Le danbauk cristallise un débat d'identité. Naomi Duguid et MiMi Aye (autrice d'origine birmano-musulmane, dans Mandalay) le présentent non comme un biryani indien importé tel quel mais comme une adaptation proprement birmane portée par les communautés indo-musulmanes : plus doux, moins gras, sans l'assaisonnement lourd du biryani persan ou moghol. L'office de tourisme myanmartravelinformation.com tranche un point concret : les amandes et raisins secs, signature des biryanis moghols, y sont écartés car « pas appréciés des Myanmar » — marqueur qui sépare le danbauk du biryani indien. Le choix du bœuf est lui-même politiquement chargé : l'abattage bovin étant restreint et mal vu dans la majorité bouddhiste, le danbauk de bœuf reste attaché aux tables musulmanes, quand la version commerciale grand public s'est déplacée vers le poulet (voir sbs.com.au).

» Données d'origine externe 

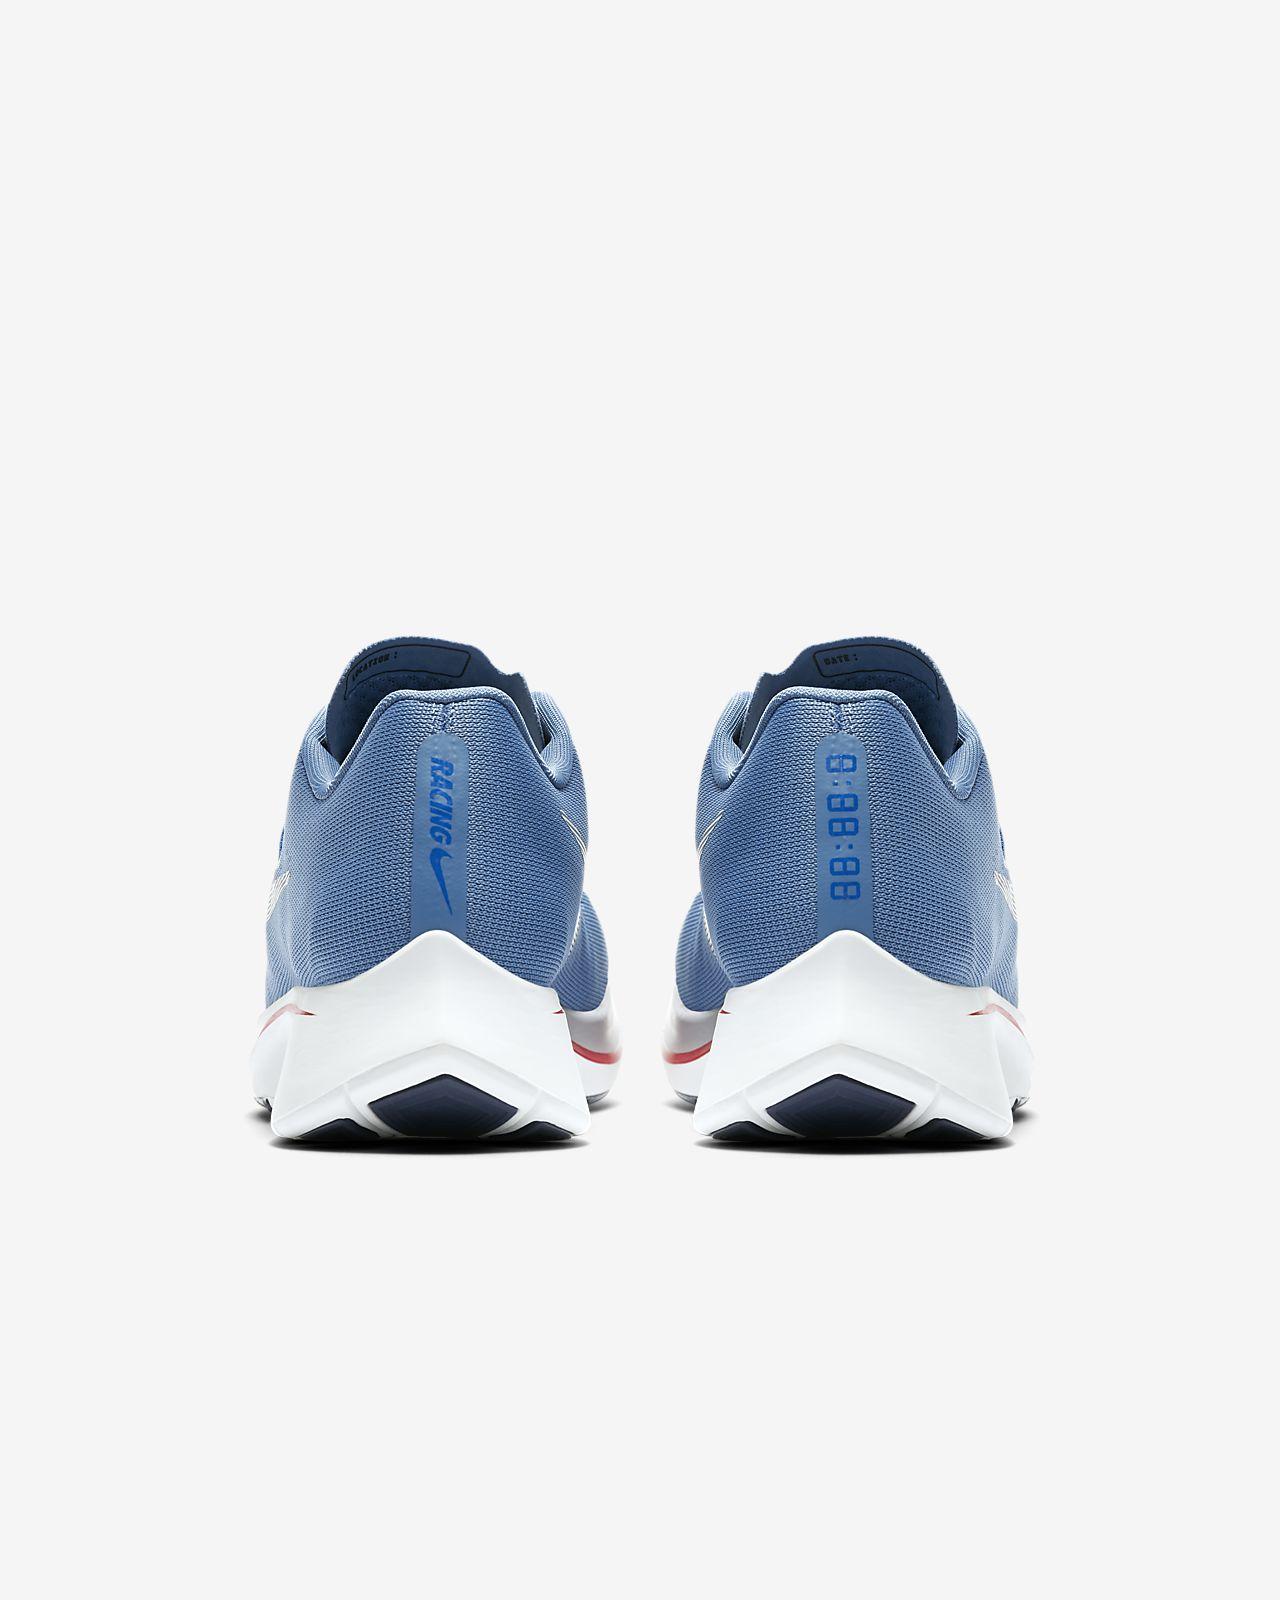 Nike Elite SI Trainers Mens Trainers Shop Mens Trainers COLOUR-blue/navy

Lahpet yay (thé birman) ou un a-chin-yay, bouillon acidulé de roselle servi à côté pour trancher le gras ; à défaut une bière Myanmar légère.
8/10 — plat de prestige des mariages et de l'Aïd dans les communautés indo-musulmanes birmanes ; l'article SBS le qualifie de « réponse du Myanmar au biryani indien », signe de son ancrage populaire, même si la version poulet domine désormais les gargotes de rue.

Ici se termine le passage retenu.